Женщины стояли вдоль скамьи и смотрели на деда с благоговением. Но Катя смеялась в уголок полушалка, а отец, поглядывая на нее, ухмылялся в бороду. Мать как завороженная, в тревожном ожидании не отрывала широко открытых глаз от застывшего деда. С лохматой голубой бородой, с клочками седых бровей, грозно опущенных на глаза, он стоял на скамье со сложенными руками на животе, как в моленной. Евлашка уже не смеялся, с боязливым изумлением смотрел и на деда, и на своего отца, и на Пашу, которая стояла тоже в строгом ожидании. Кузярь толкал меня под бок, ел украдкой блины и едва выговаривал слова, прожевывая их вместе с блинами:

— Да что он будет делать-то на скамейке? Топтаться только… Невидаль какая!..

Но у дедушки озорно вспыхнули глаза, он тряхнул головой, взмахнул руками и притопнул.
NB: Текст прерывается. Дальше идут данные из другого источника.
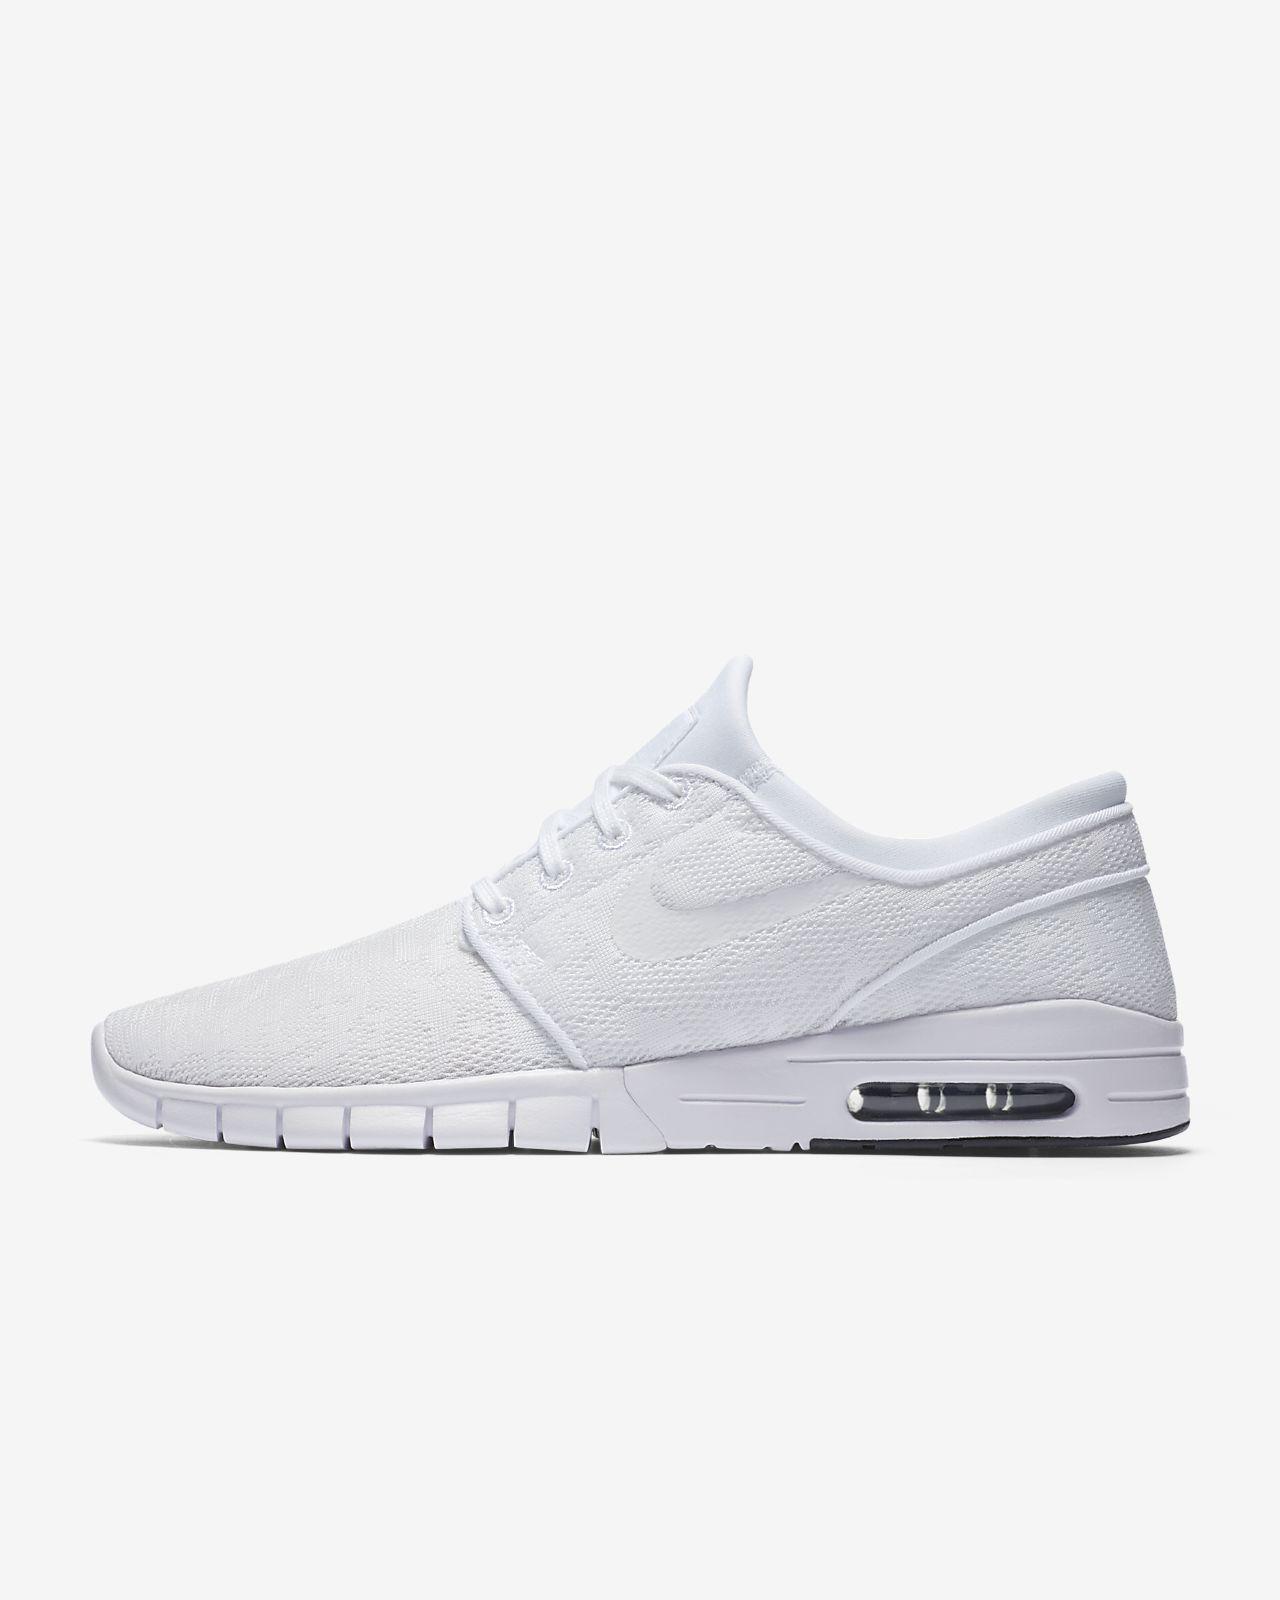 Oferta Zapatillas Running Nike,Nike SB Stefan Janoski Max

— Пойте! Все пойте! Анна, запевай!

И он, закинув голову, сам запел высоким сипленьким голосом:

И-ивушка, ивушка,

Зеленая была…

Машуха первая пронзительно завопила, а за ней закричали Катя и Паша:

Эх, что же ты, ивушка.

Невесело стоишь…

Тут уж и мужики затянули:

Подрубили ивушку

Под самый корешок…

Дед закачался, замахал руками, наклонился и начал притопывать, перебирать ногами. Песня оживилась, зазвучала громче, и слова уверенно, бойко стали отбивать такт, а дед как будто стал легче: то он сгибался, раскинув руки, всматриваясь в свои сапоги, то откидывался назад, уперев руки в бедра и с властным весельем оглядывая всех, то вскидывал руки вверх и хватался за шею. Сапоги его четко стали отбивать плясовой перебор, а тело изгибалось в разные стороны, волосы растрепались, он начал плясать вприсядку.
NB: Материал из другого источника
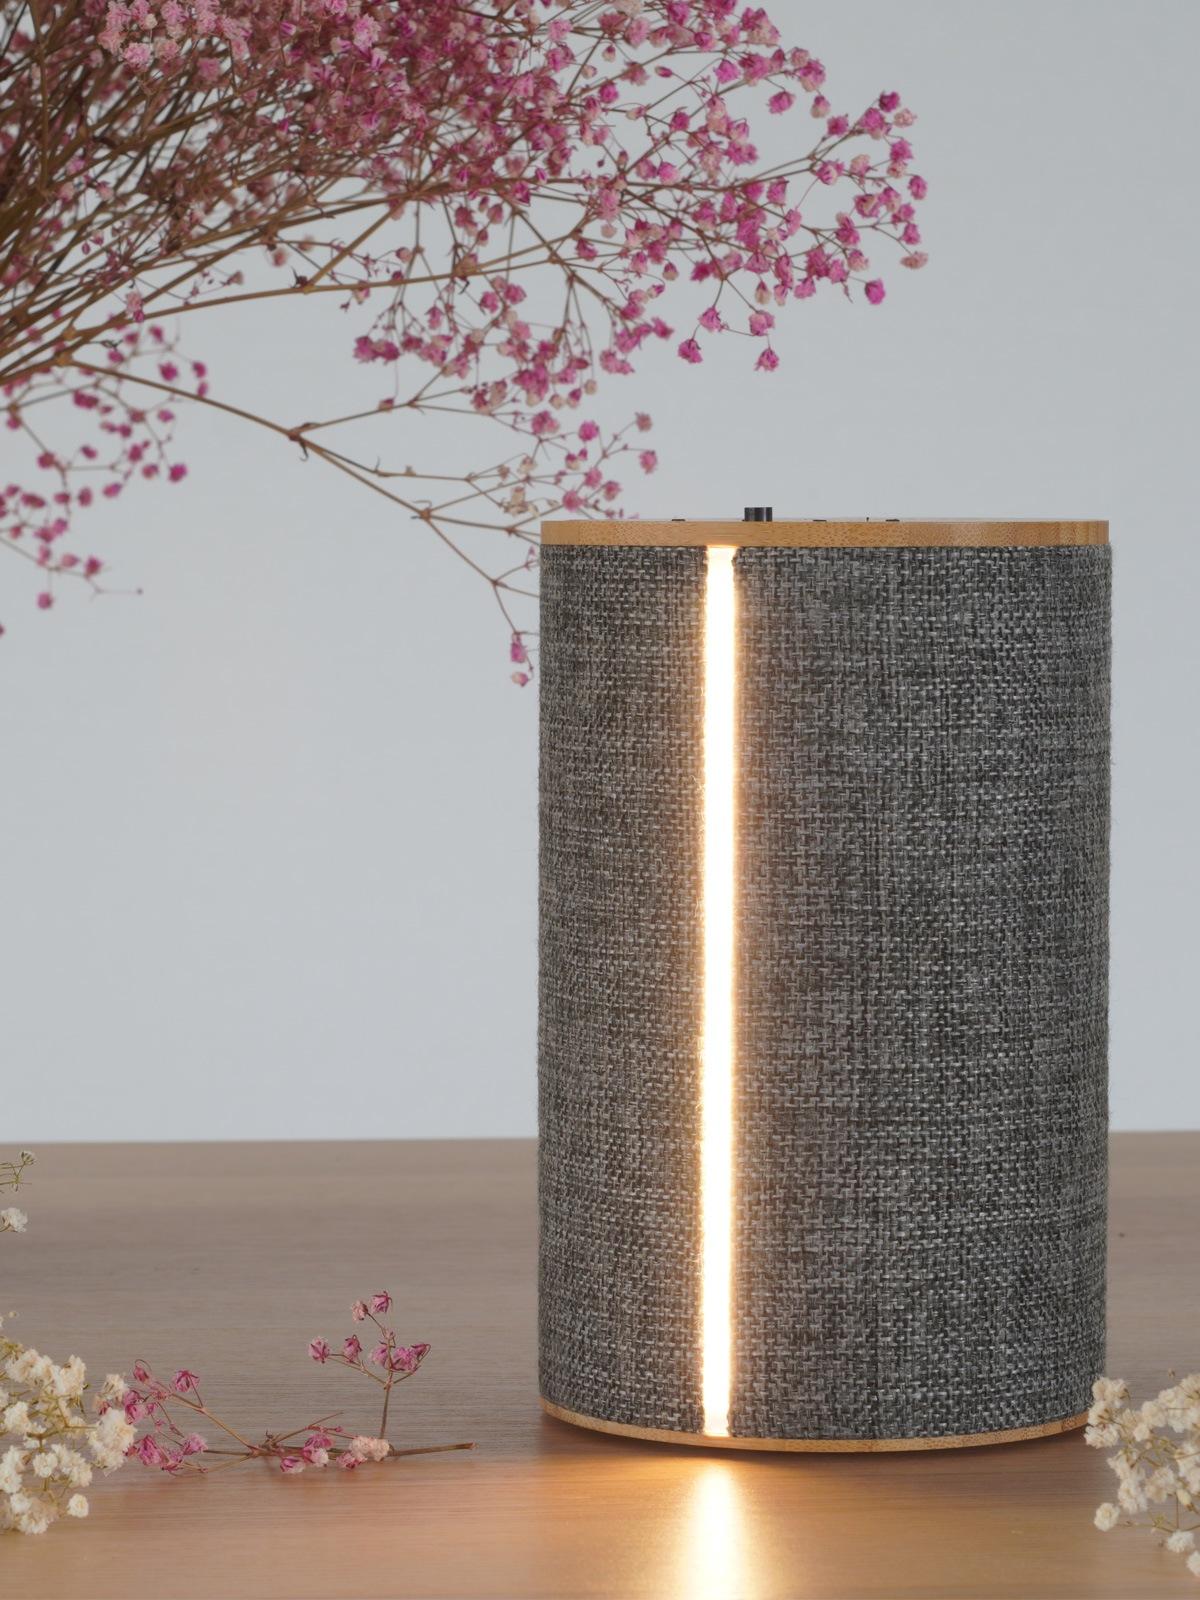 DesignOrt Blog: Lampen & Leuchten von LOOM Design SILO 2 tragbare Box mit Beleuchtung DesignOrt Leuchten Berlin

Тут и бабы завертелись на месте и, отчеканивая слова песни, уже потеряли чинность и плясали, позабыв друг о друге, даже бабушка затрясла своим тучным телом. Миколай Андреич вертелся, как вьюн, и вскрикивал сквозь дробный хохоток:

Эх вы, саночки березовые!..

А ребята мы тверезые…

Вдруг дедушка гулко топнул сапогом и легко спрыгнул на пол. Его стиснули дочери и под руки повели на место.

XXVIII

Позади нашего двора, недалеко от яра, стояла моленная — пятистенная изба под тесовой крышей с осьмиконечным крестом на коньке, с высоким крылечком, с резными столбиками. Сосновые венцы и тес на крыше и крылечке были сизые от многолетних дождей. Изба эта всегда стояла с закрытыми железными ставнями. Когда-то они были выкрашены зеленой краской, но она порыжела от ржавчины.

Каждую субботу ставни открывались, и из трубы, увенчанной жестяным резным теремком, клубился дым. Девки выходили и входили с ведрами, с тряпками, выливали грязную воду в буерак. Весь день в воскресенье изба глядела на луку и на ту сторону бледно-зелеными окнами. А синим субботним вечером издали видны были яркие рои огоньков в проталинах окон.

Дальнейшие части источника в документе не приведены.